When I was around forty-five, I blew up my own life in a spectacular fashion in order to save it. Then, I spent years rescuing myself from the fallout. I survived, lived to tell the tale battered and beat the hell up, but ironically, I also turned out to be the main casualty of the whole affair.
When I was a young child, I remember standing at the blackboard and crying because I couldn’t understand carrying a number. Then, later, I couldn’t understand remainders in division. What do you do with that number? It’s just hanging around, random. What’s the point of math if it doesn’t wrap all the loose ends up in a neat and pretty bow, if it doesn’t make order out of chaos? What are you supposed to do with a world that includes remainders dangling at the end of equations?
For much of my life, I think I’ve been a remainder. Or at least, I’ve felt like it. Abandoned by my mother, then shuffled around between divorced parents, then part of a new and chaotic family that didn’t really have a place for me, then married and mothering and wife-ing, but only with my exoskeleton and not my whole heart, often in love with people who couldn’t or wouldn’t love me back or unable to love the people who did and would.
In both of my old houses before I divorced, I had little rooms of my own for writing. And I did write. One thing I love about creating stories and novels is that you can wrap things up in a neat bow. You can see the whole arc of a character’s life and solve things for them. There don’t have to be any remainders and if there are, well, they make sense. They mean something. It’s a little like borrowing the voice of god. You get to bestow grace. And create space. You get to make the world match your innards.
It’s harder for a woman to do that in her own life. It’s hard for me to do that. I walk with my girlfriends a few times a week and we talk about the vagaries of existence. More specifically, we talk about ourselves going through it, how we’re stumbling along, how we got to where we are and where we hope to go. “You know you’re allowed to take up space, right?” my best friend recently said to me. “You’re allowed to matter.”
That about stopped me in my tracks. I mean, I’ve heard it before, but I never really heard it. I haven’t had the space to, which is ironic because when I divorced, I left my small writing room and got an entire house for myself. I got space, yes, I got to be on my own, yes, but I didn’t give myself space of my own.

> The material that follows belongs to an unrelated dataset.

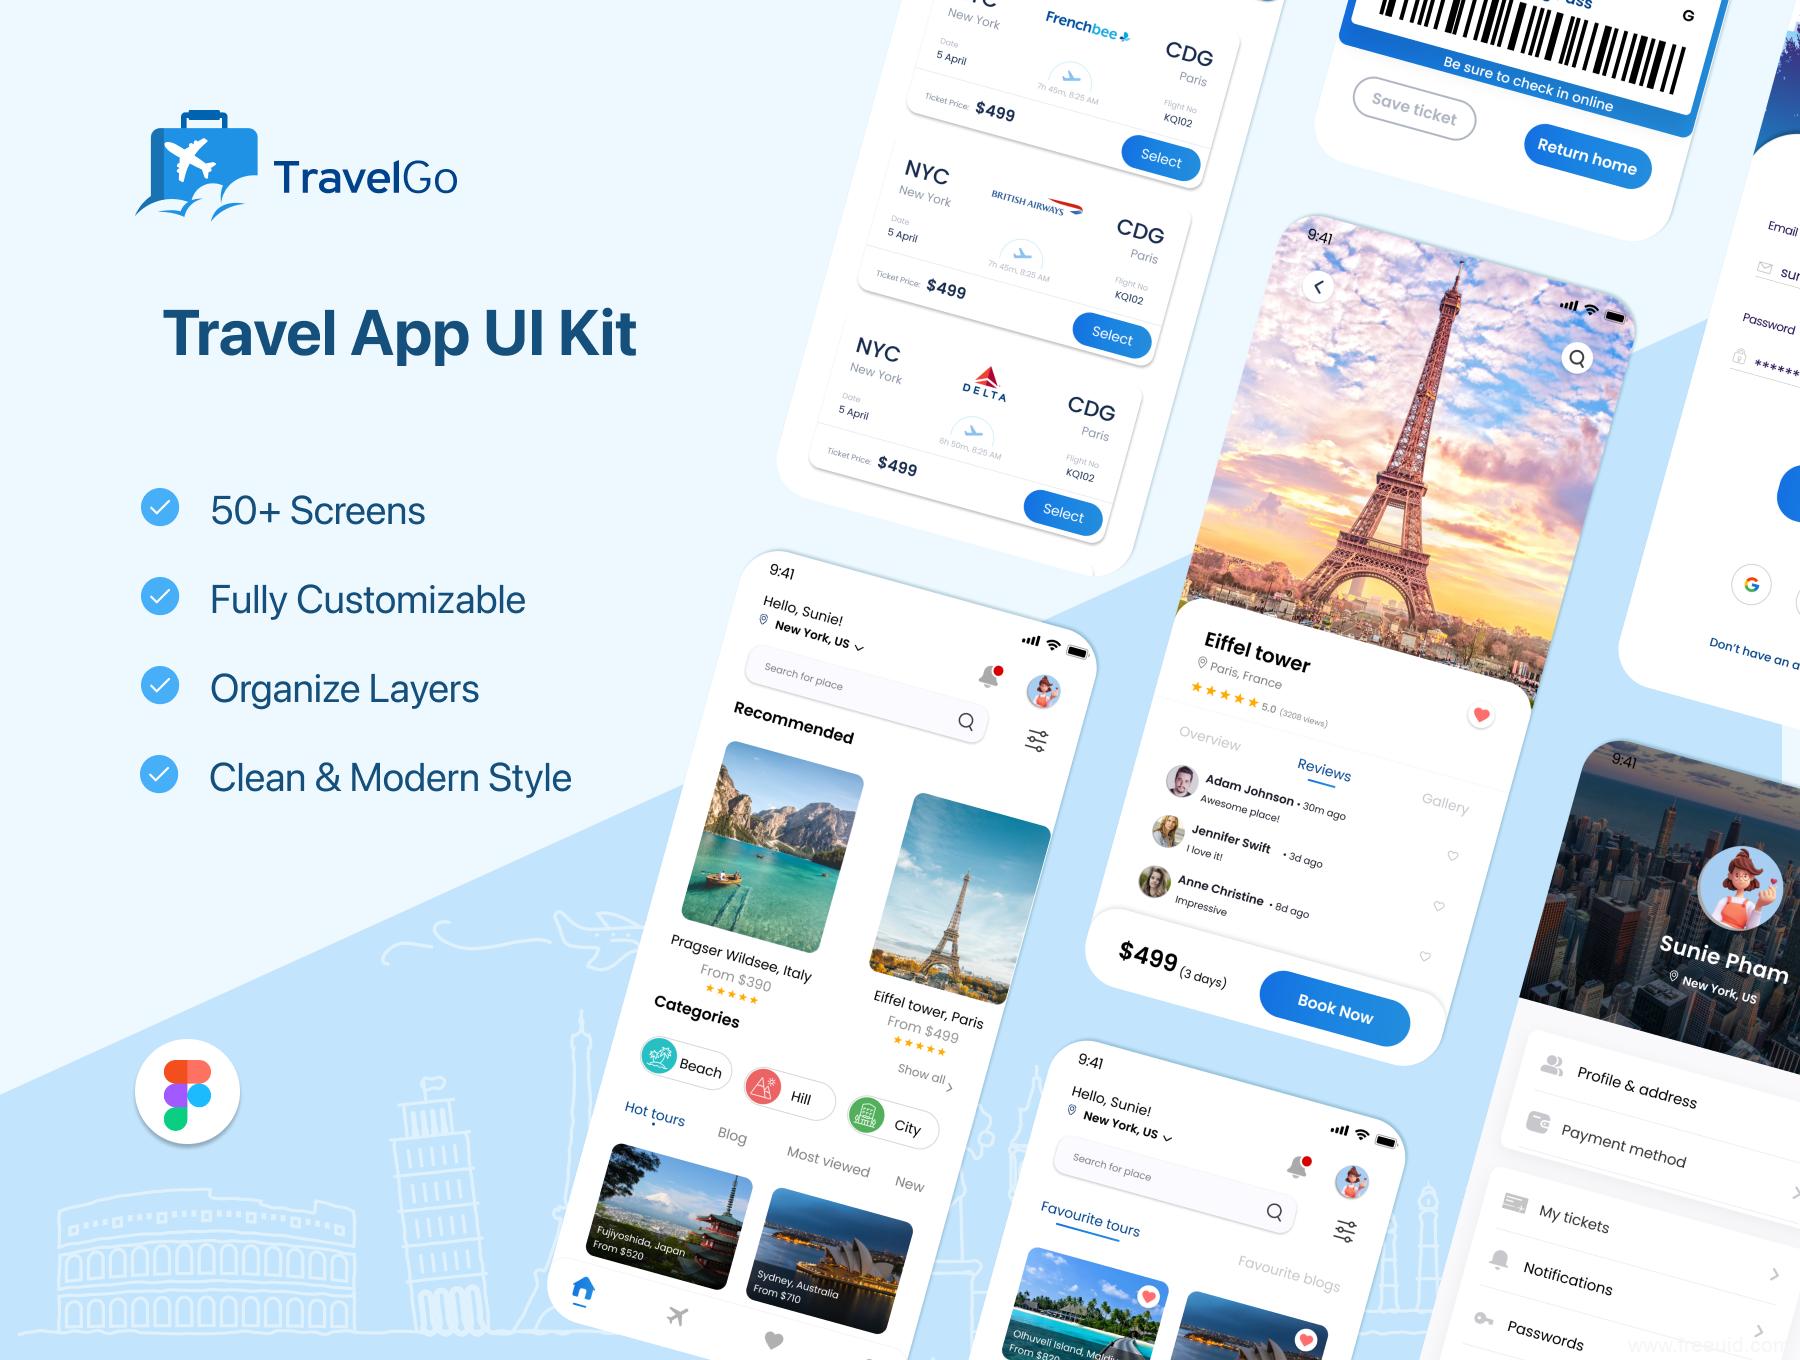 精品旅行/旅游主题app UI界面设计套件figma源文件下载

Instead, I remained a remainder. First, I tried to disappear, which only resulted in everything I was hiding spilling into the light like guts dumped on a battlefield. Then, once I cleaned up that mess, burying the remains and resanctifying the ground, I became indispensible to everyone in my care. I was at the center of the equation, but still divided within. I still had no idea what to do with the remainder. Part of me was still stuck at the blackboard in childhood, weeping because I couldn’t make sense of any of it. What was the trick of borrowing and carrying? Why did everyone else understand that magic and I couldn’t?

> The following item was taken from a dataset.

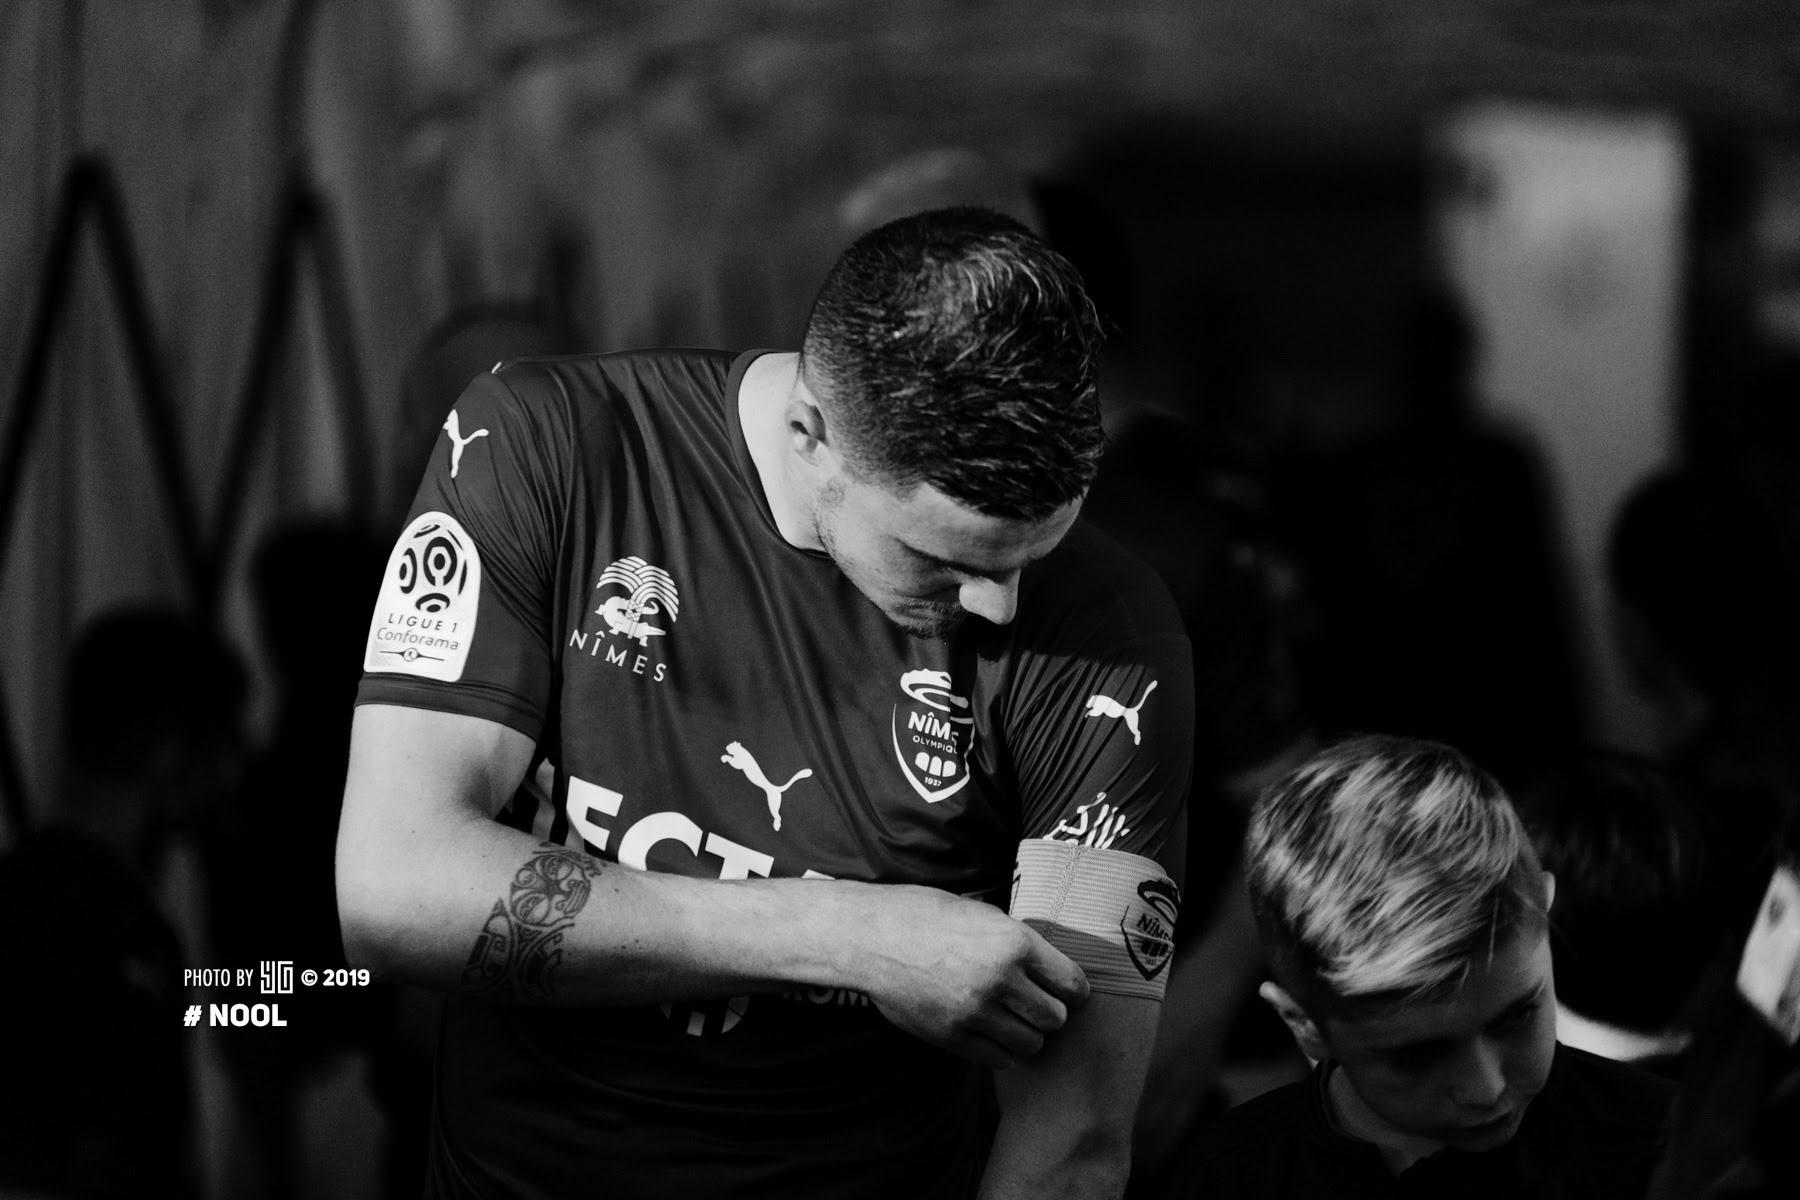 Anthony Briançon - 86 photos de la saison 2018-2019

These days, I’m not trying to give myself space—I’m trying to take it up. In every way. I lift weights, and eat ice cream sandwiches, and buy bigger pants if I need to, even as the echo of my mother’s voice calling me a “big girl” rattles my bones. I’m working on stating blindingly simple desires to my loved ones like, yes, I would, in fact, enjoy a birthday celebration. And most importantly, I’m trying to find the space to write—not just in a corner of a whole house I’m responsible for, or in a room set aside from the rest of my life, but in my own mind. I need to give myself permission to take up that space, to let my voice crack through all the chatter around me and be the loudest one at the party. I need to be brave enough. I need to actually claim a little space again.
This maybe sounds like it’s freeing and fun in the manner of releasing the brakes on a bike and letting it soar down a hill, but actually it’s excruciating. That kind of abandon goes against everything I ever learned and cuts across the grain of everything I ever did to survive, which was to be convenient and good. Remainders don’t make noise. Remainders don’t demand anything. They just occupy what’s left.
Virginia Woolf so famously said a woman needs a room of her own. I know what she meant. It is an audacious undertaking to rewrite the math of your own life, to resolve the equation in front of you so that you are the whole sum. It’s breathtaking to imagine closing the door to all the things society, your family, tradition tells you need to allow in and be. And not just admit in, but cheerfully serve in the manner of a welcome guest—getting out the good silver and the fine teacups, getting on your knees so you can wash another’s feet with your hair.
The fundamental work of any artist is the struggle to stitch together the imagined and the real, the ideal with the material, the personal with the universal. And oh my god is it hard. It leaves you with wounds, broken weaponry, the scars of compromise. Men like Hemingway and Picasso drank and fucked their way through the process, creating long wakes of ruined lovers, family, and friends, taking up all the space in the world to remake it in their vision, but trashing everyone along for the ride. Even Woolf herself couldn’t take it in the end. She waded into the river with stones in her pockets.
There has to be a better way. One that allows for the grace of finding a pocket of solitude in the fabric of life, and then a way back out of it again. One that allows you both to matter and serve. When god closes a door, the saying goes, he opens a window. When a woman closes a door, she creates a new geometry that rearranges patriarchy, family, friendships, her own self. That single act alone is the first and most necessary act of art. In fact, maybe it simply is the art.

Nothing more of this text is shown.